Hello all, has anyone ever reground a skew from the straight to the straight radius? I found this article (http://www.woodworks101.com/a-Reshaping-the-Skew-Chisel.html) and was curious if anyone has tried it? If so, any tricks/details to watch out for? How did it perform after?


----------



## Tony (Jan 18, 2017)

@woodtickgreg 
@jaustin


----------



## Spinartist (Jan 18, 2017)

jjy7322 said:


> Hello all, has anyone ever reground a skew from the straight to the straight radius? I found this article (http://www.woodworks101.com/a-Reshaping-the-Skew-Chisel.html) and was curious if anyone has tried it? If so, any tricks/details to watch out for? How did it perform after?




Skew works well like that. I've seen Alan Lacer's skew demonstrations a few times. Like any tool, you need to pay attention & practice until it becomes 2nd nature.


----------



## Mike Mills (Jan 18, 2017)

I did reshape my straight to the radius after watching Alan Lacers video. I went back to straight after a couple of months.
Alan did suggest straight for newbies. I turn beads with the short point and it seemed easier with the straight.
Most important to me; I hone and it is much easier to hone a straight edge than a curved edge. I treat it as a bench chisel and only go to the grinder if I want to deepen the hollow (maybe maybe once a year).
Some folks really like the curve but I just didn't find it more useful for what I do.

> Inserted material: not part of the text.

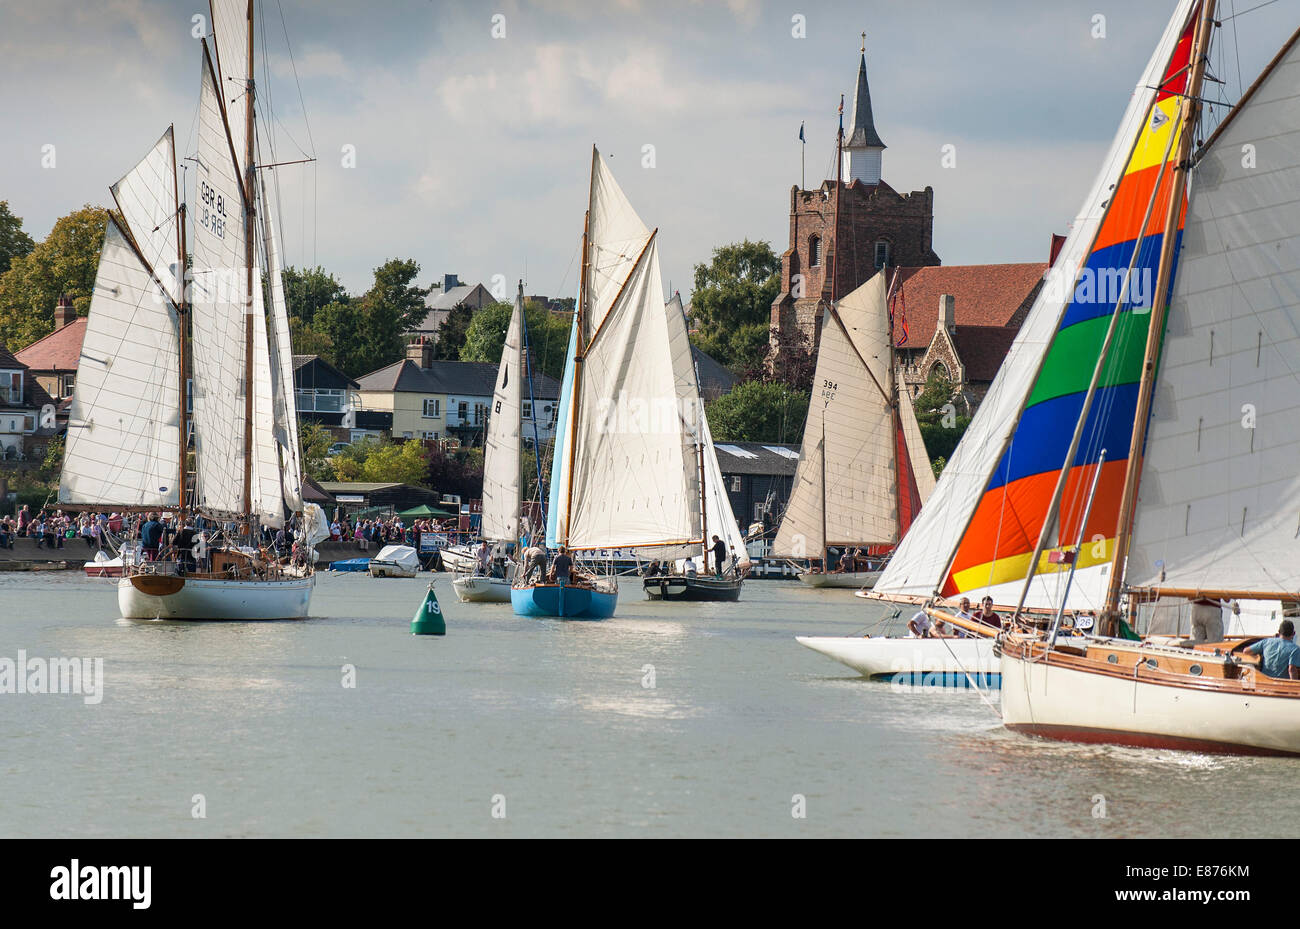 Various sailing craft participate in the spectacular Parade of Sail Blackwater River at the Maldon Regatta in Essex. Stock Photo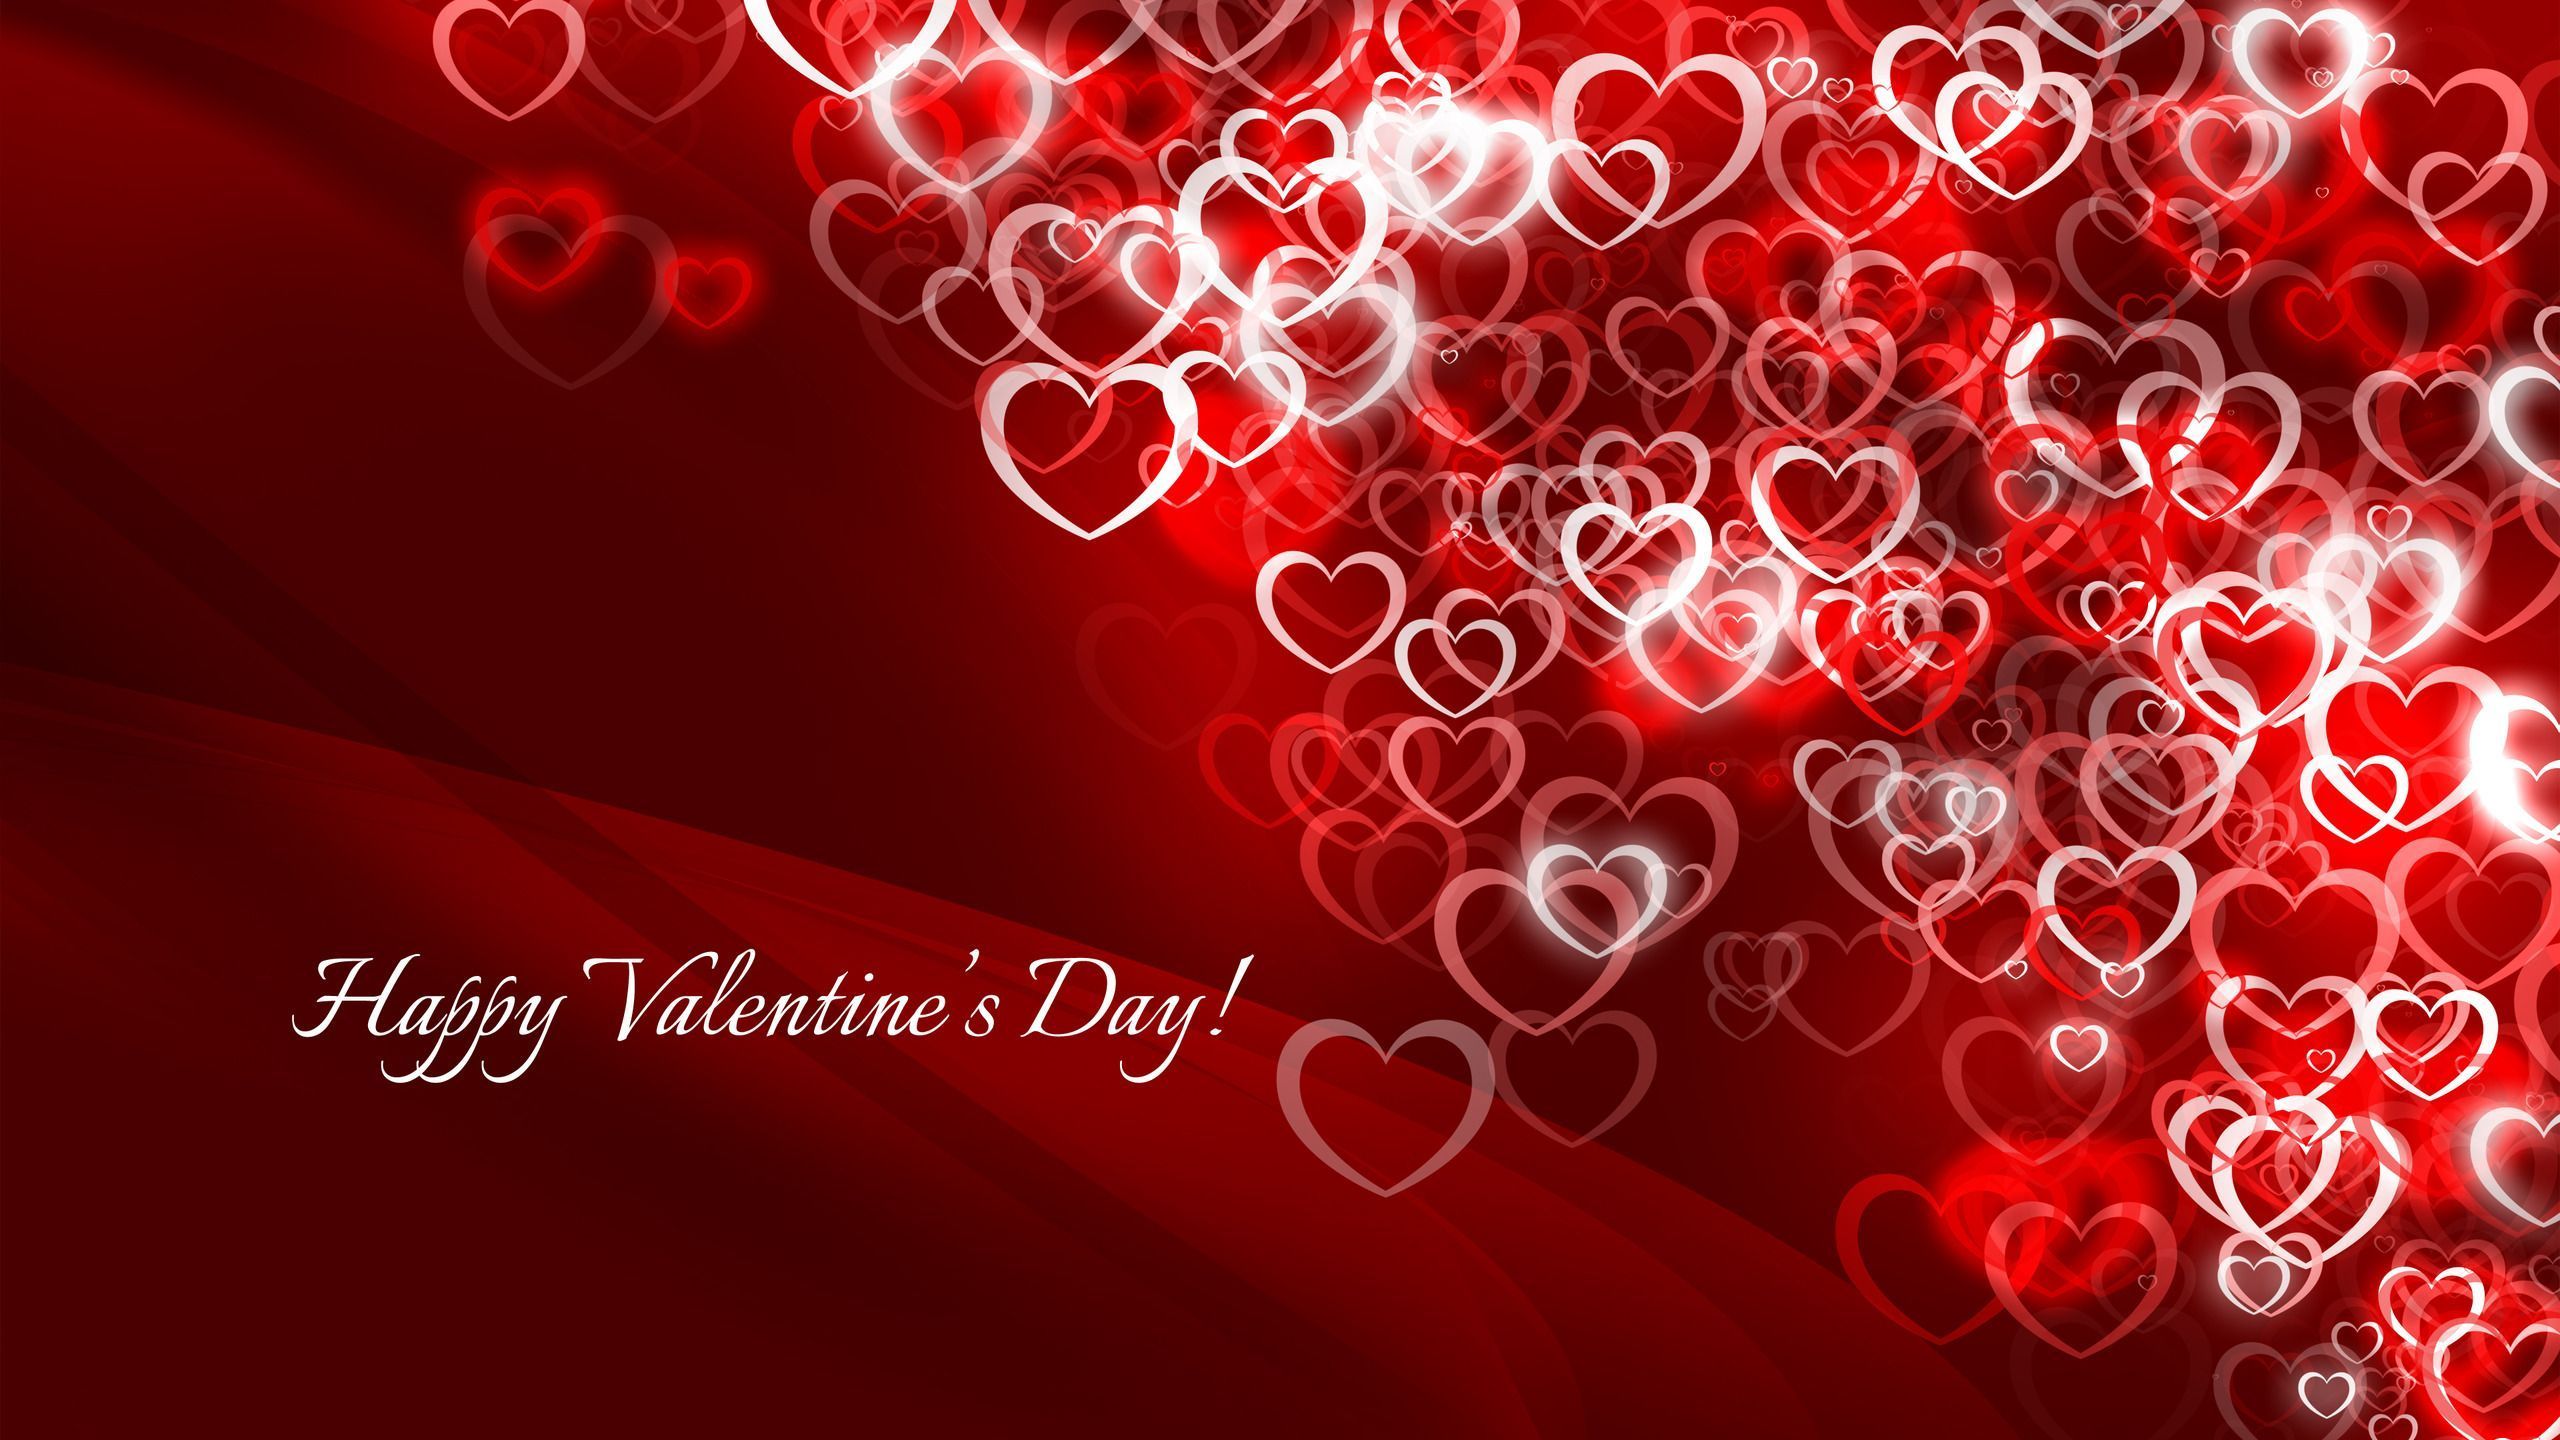 Happy Valentine's Day Wallpapers HD 2016 | Wallpapers, Backgrounds ...

Give it a try, you will only lose a little bit of steel in the process.

Reactions: Thank You! 1


----------



## jjy7322 (Jan 18, 2017)

Mike Mills said:


> I did reshape my straight to the radius after watching Alan Lacers video. I went back to straight after a couple of months.
> Alan did suggest straight for newbies. I turn beads with the short point and it seemed easier with the straight.
> Most important to me; I hone and it is much easier to hone a straight edge than a curved edge. I treat it as a bench chisel and only go to the grinder if I want to deepen the hollow (maybe maybe once a year).
> Some folks really like the curve but I just didn't find it more useful for what I do. Give it a try, you will only lose a little bit of steel in the process.



Interesting...how did it perform for peeling and planing cuts? did you round over the "bottom" side?


----------



## Mike Mills (Jan 18, 2017)

jjy7322 said:


> Interesting...how did it perform for peeling and planing cuts? did you round over the "bottom" side?


I could not tell any difference in planning cuts other than maybe minor changes in presentation angle due to the fact that the angle of the blade is different. I did round over the "bottom" side as described by your article and by Lacer.
I do understand the notion that with the radius shape you only use the upper (flat) section so that you do not get too much blade into the work with a peeling cut. I typically use a 1" so I only use half of it and achieve the same thing, or you can just use a smaller skew.

Pic 7 in your link illustrates the honing. With the curve you hone the flat section and have to keep rotating to hone the curve while maintaining contact angle. With the straight the entire edge remains in contact.


----------